**Required work**
What follows is a set of records. Copy them exactly and leave out the images.

================

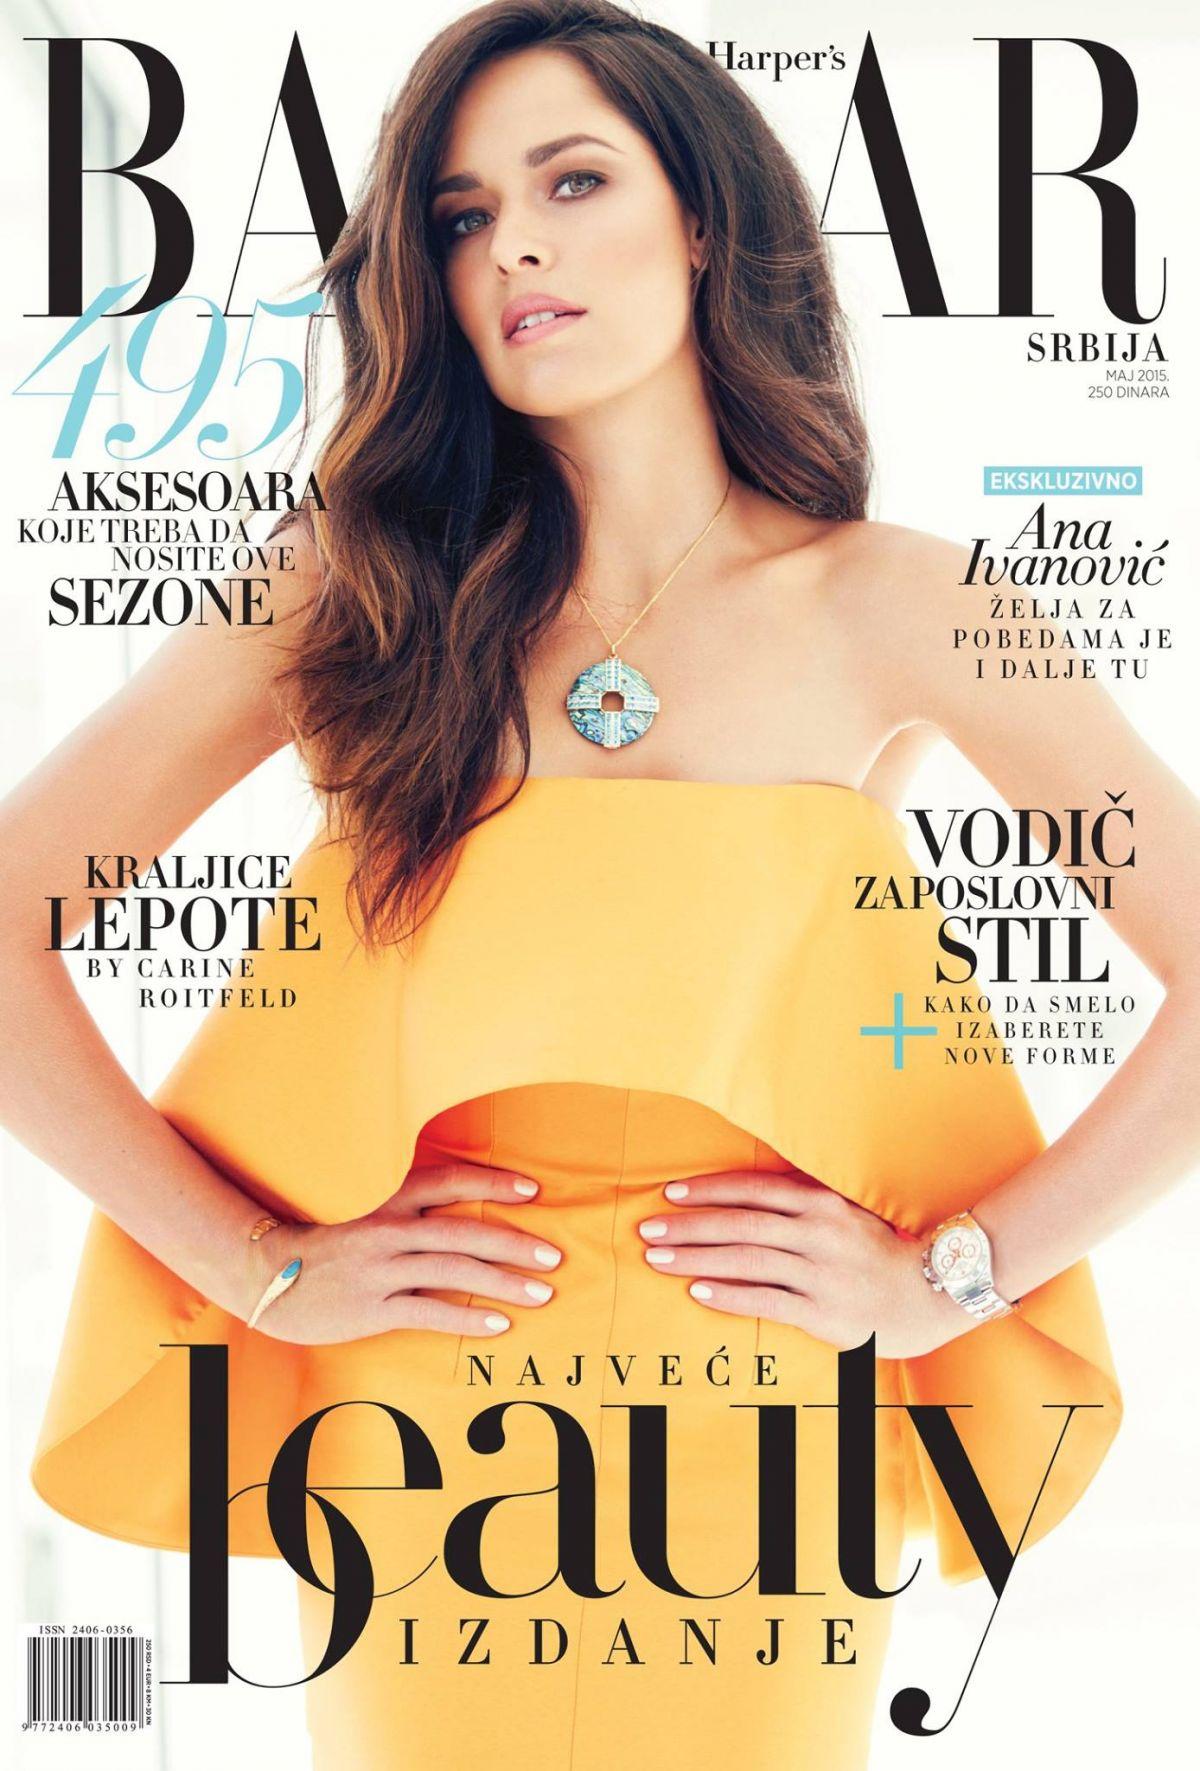 http://www.gotceleb.com/wp-content/uploads/photos/ana-ivanovic/harper-s-bazaar-serbia-cover-may-2015/Ana-Ivanovic---Harpers-Bazaar-Serbia-Cover-2015--01.jpg
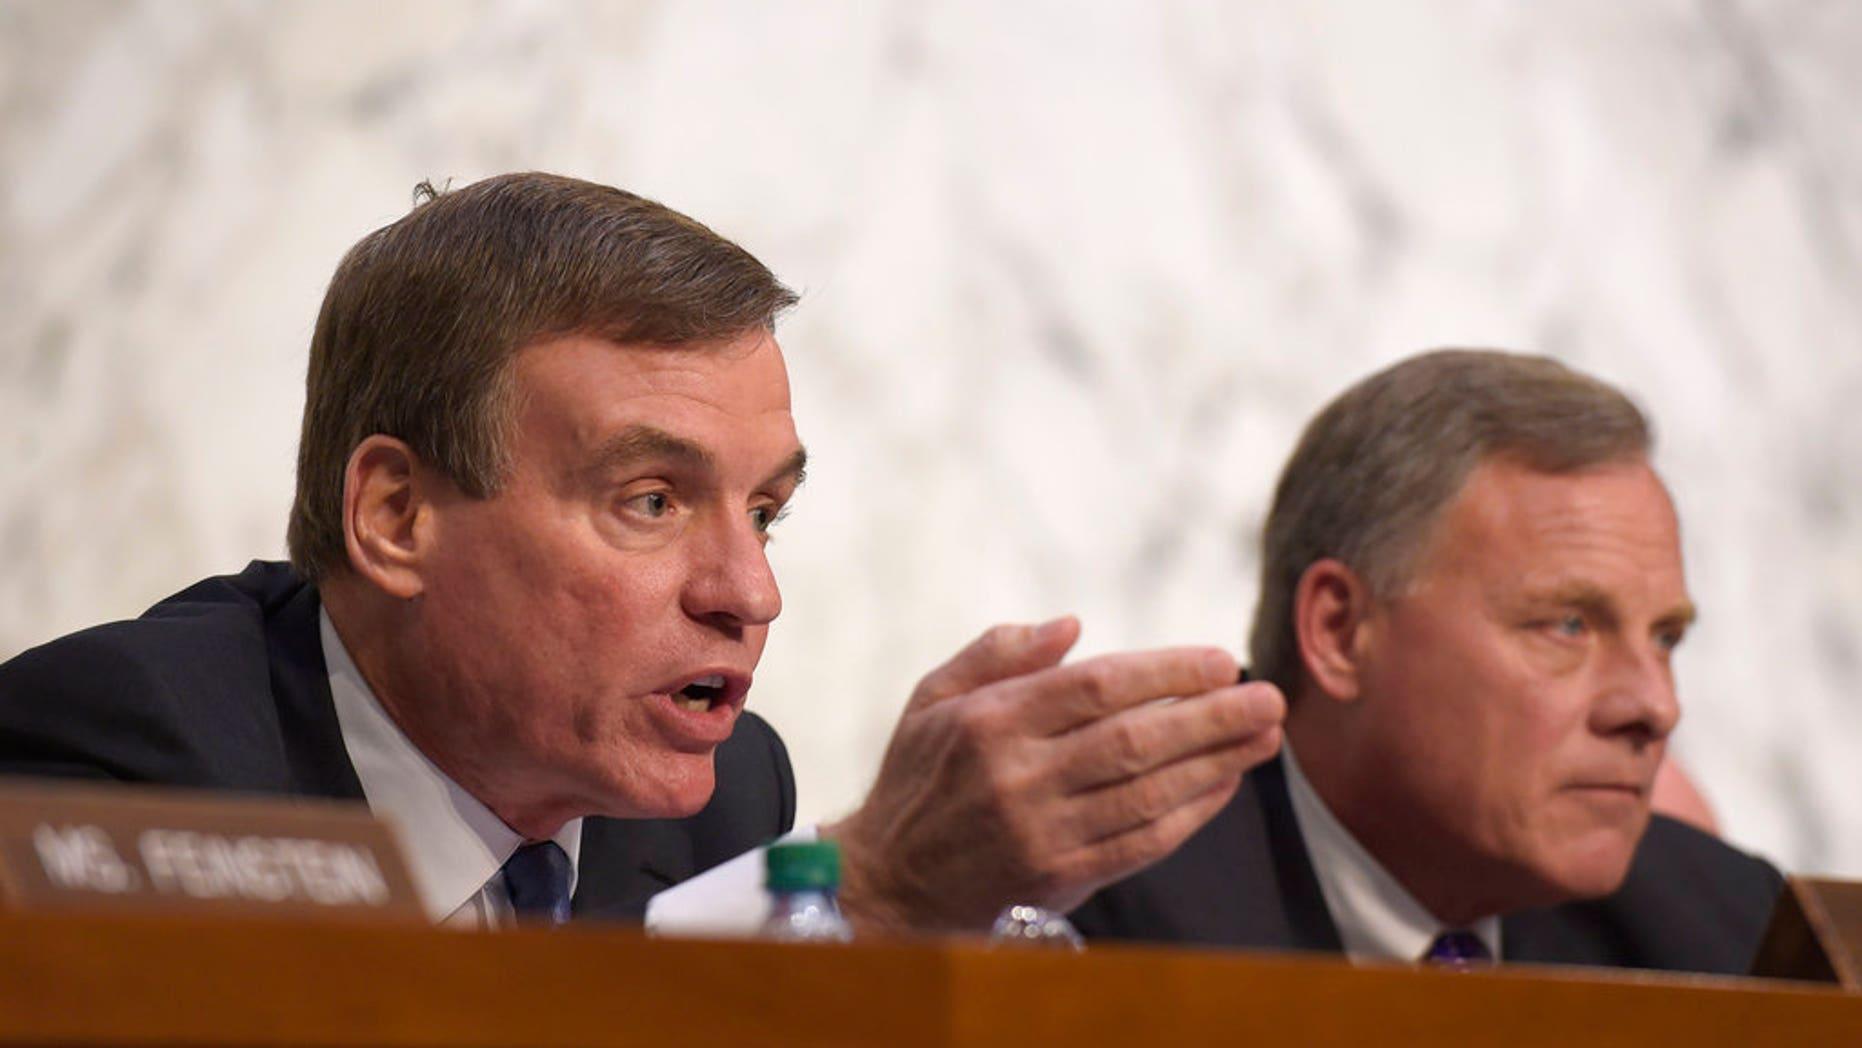 Sen. Mark Warner is the Senate Intelligence Committee's vice chair and top Democrat.
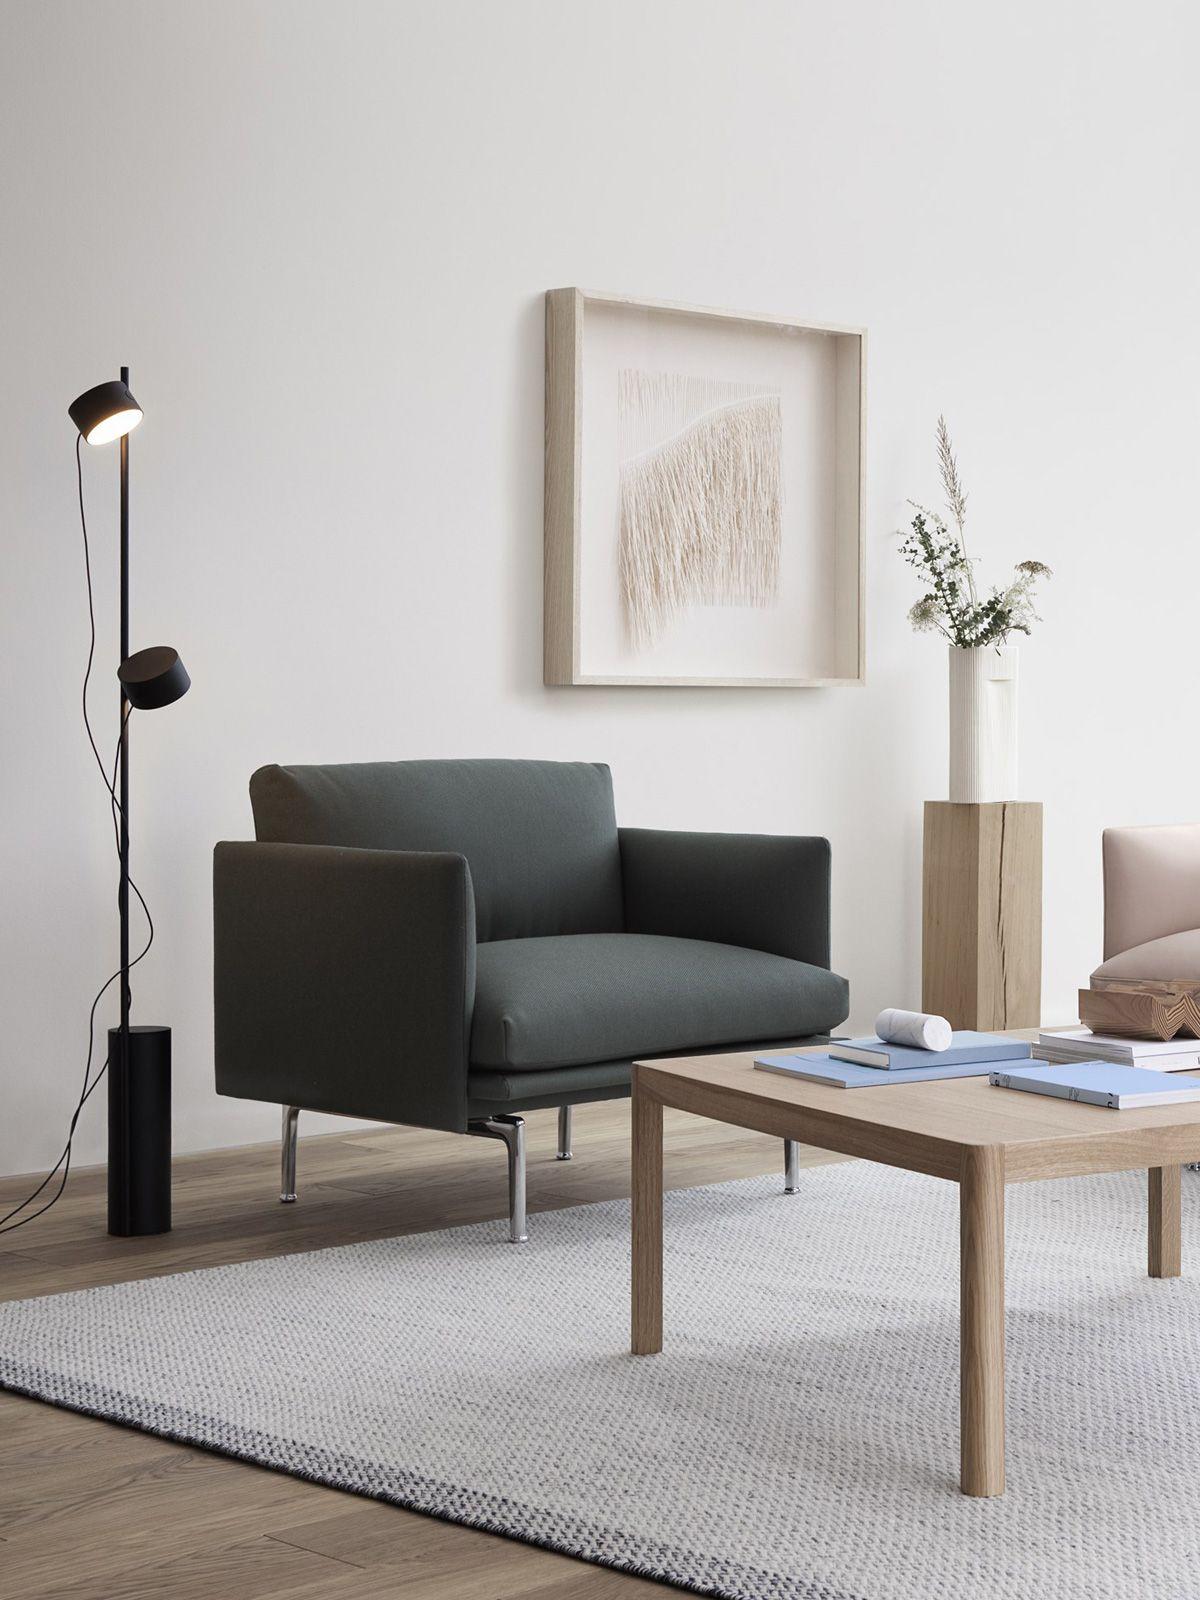 Post Lamp Floor - DesignOrt.com in 2020   Wohnzimmertische ...
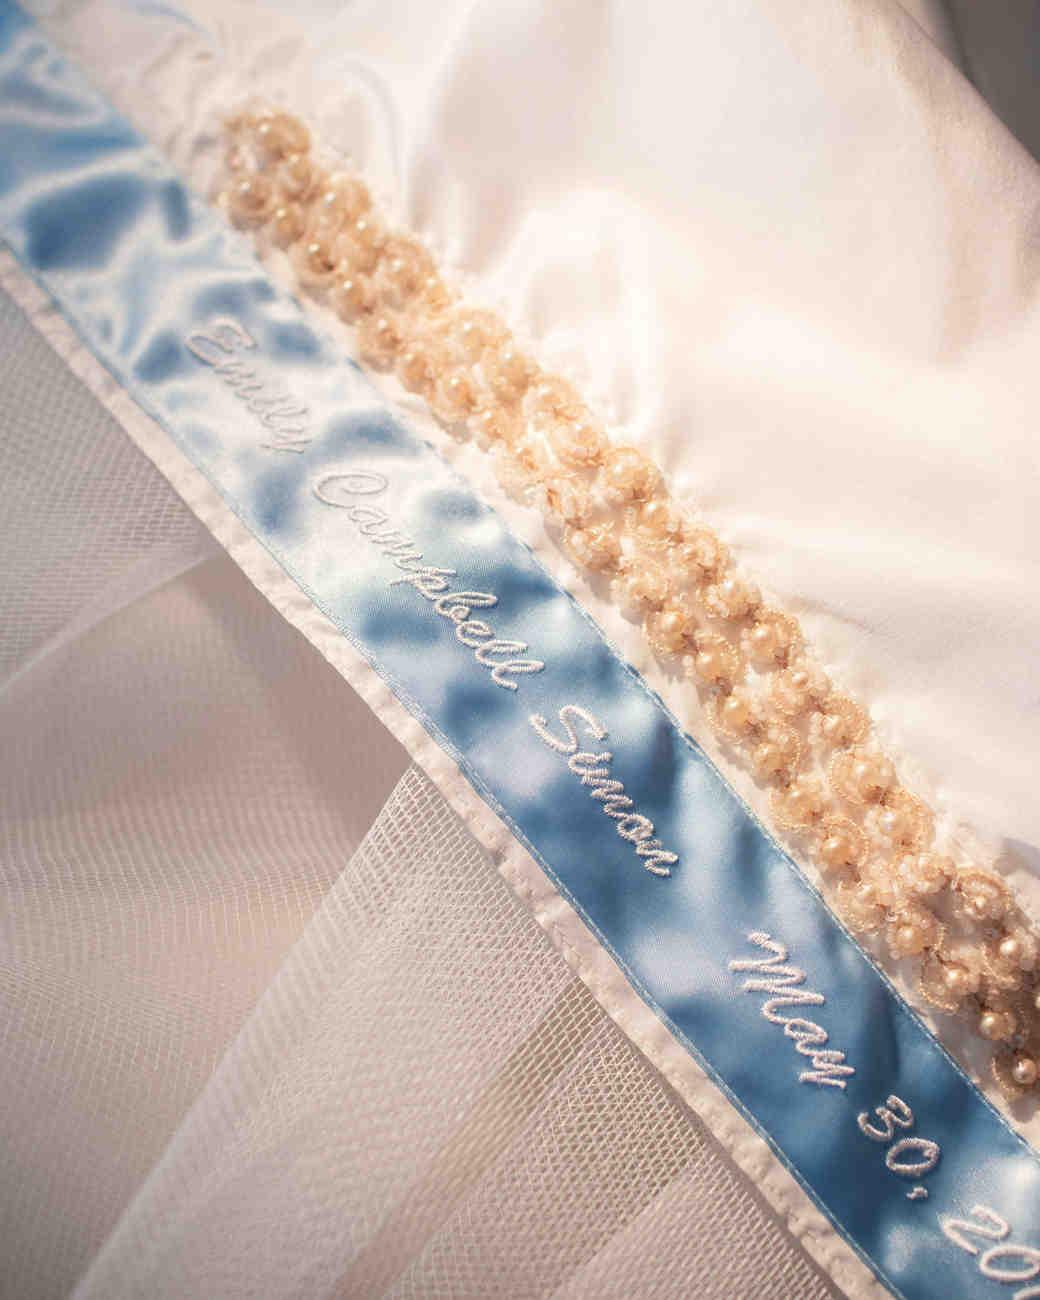 emily-matthew-wedding-embroidery-0241-s112720-0316.jpg
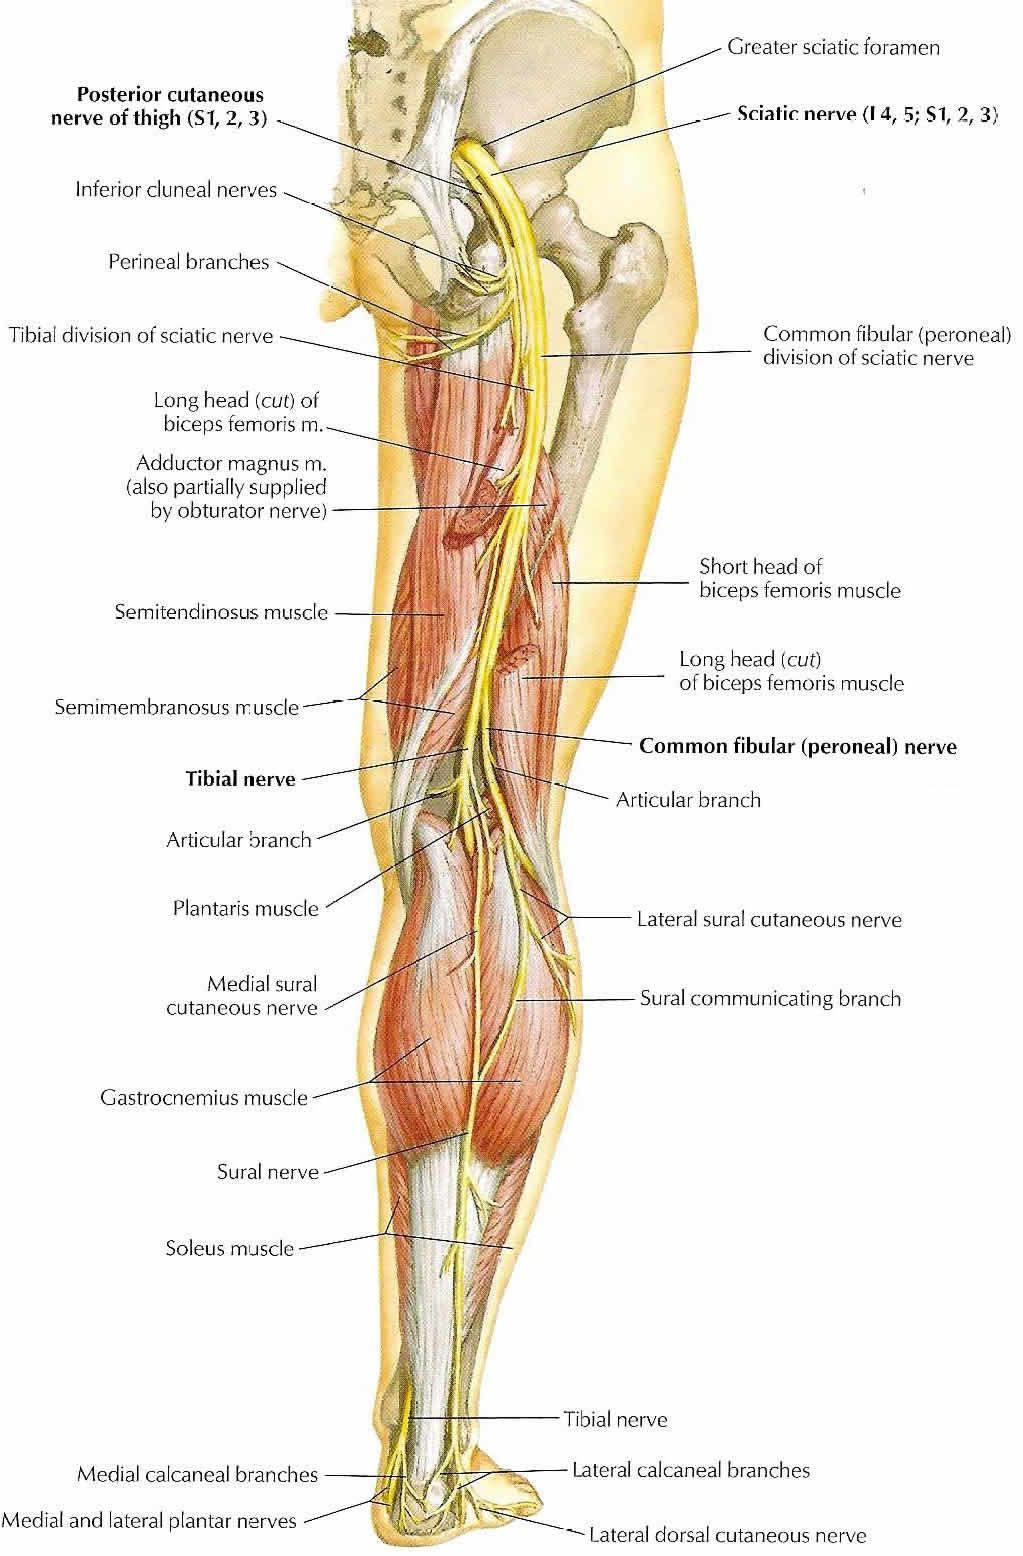 Lower Leg Nerve Diagram L293d Motor Driver Circuit In Www Mauriciolemus Com Nerves Human Anatomy Organs Sciatic Sciatica Rh Pinterest

================

**Exercise solution**
 http://www.gotceleb.com/wp-content/uploads/photos/ana-ivanovic/harper-s-bazaar-serbia-cover-may-2015/Ana-Ivanovic---Harpers-Bazaar-Serbia-Cover-2015--01.jpg
 Sen. Mark Warner is the Senate Intelligence Committee's vice chair and top Democrat.
 Post Lamp Floor - DesignOrt.com in 2020   Wohnzimmertische ...
 emily-matthew-wedding-embroidery-0241-s112720-0316.jpg
 Lower Leg Nerve Diagram L293d Motor Driver Circuit In Www Mauriciolemus Com Nerves Human Anatomy Organs Sciatic Sciatica Rh Pinterest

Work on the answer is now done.